Get the concrete value of the enumerated value with that name.

The name of the enumerated value must be a string. If there is no value with that name in the enumeration, an AttributeError is raised.

__contains__(name)

Is there an enumerated value with that name in the type?

If the enumerated type has an enumerated value with that name, True is returned. Otherwise, False is returned. The name must be a string.

This method does not check for concrete values matching a value in an enumerated type. For that, please use the __call__() method.

__call__(value, *default)

Get the name of the enumerated value with that concrete value.

If there is no value with that concrete value in the enumeration and a second argument is given as a default, this is returned. Else, a ValueError is raised.
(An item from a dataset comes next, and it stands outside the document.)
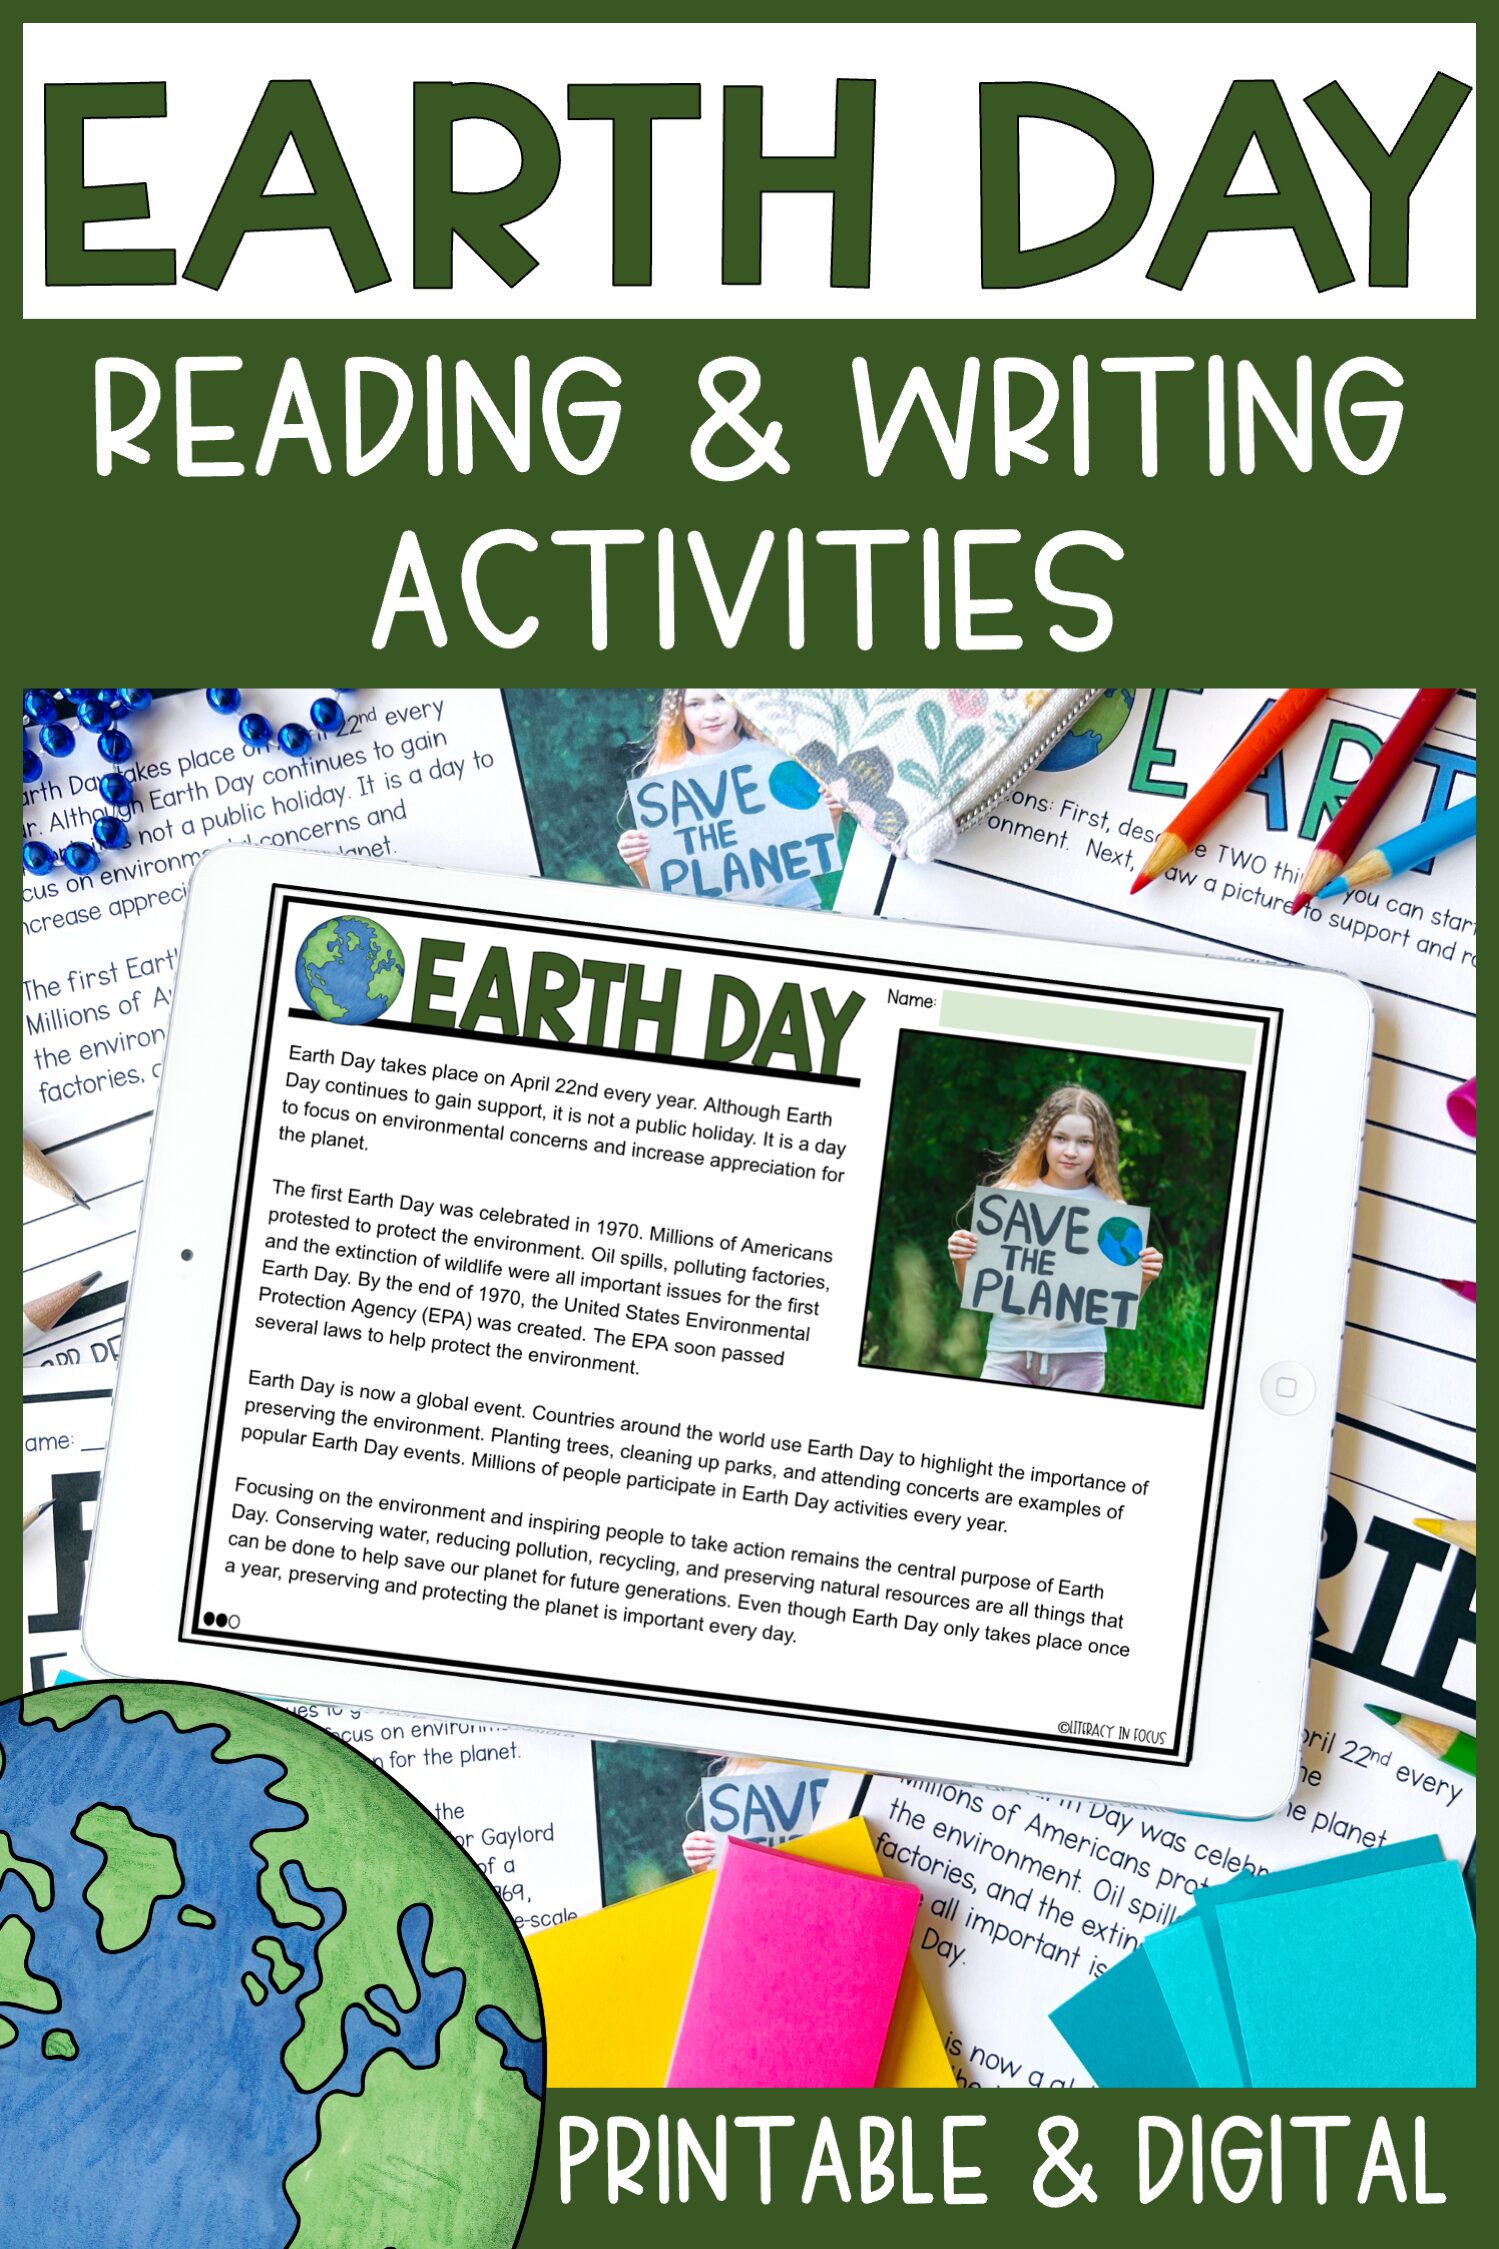 Earth Day Reading and Writing Activities

This method can be used for checking that a concrete value belongs to the set of concrete values in an enumerated type.

__len__()

Return the number of enumerated values in the enumerated type.

__iter__()

Iterate over the enumerated values.

Enumerated values are returned as (name, value) pairs in no particular order.

__eq__(other)

Is the other enumerated type equivalent to this one?

Two enumerated types are equivalent if they have exactly the same enumerated values (i.e. with the same names and concrete values).

__repr__()

Return the canonical string representation of the enumeration. The output of this method can be evaluated to give a new enumeration object that will compare equal to this one.



[13] In the future, multiple enlargeable dimensions might be implemented as well.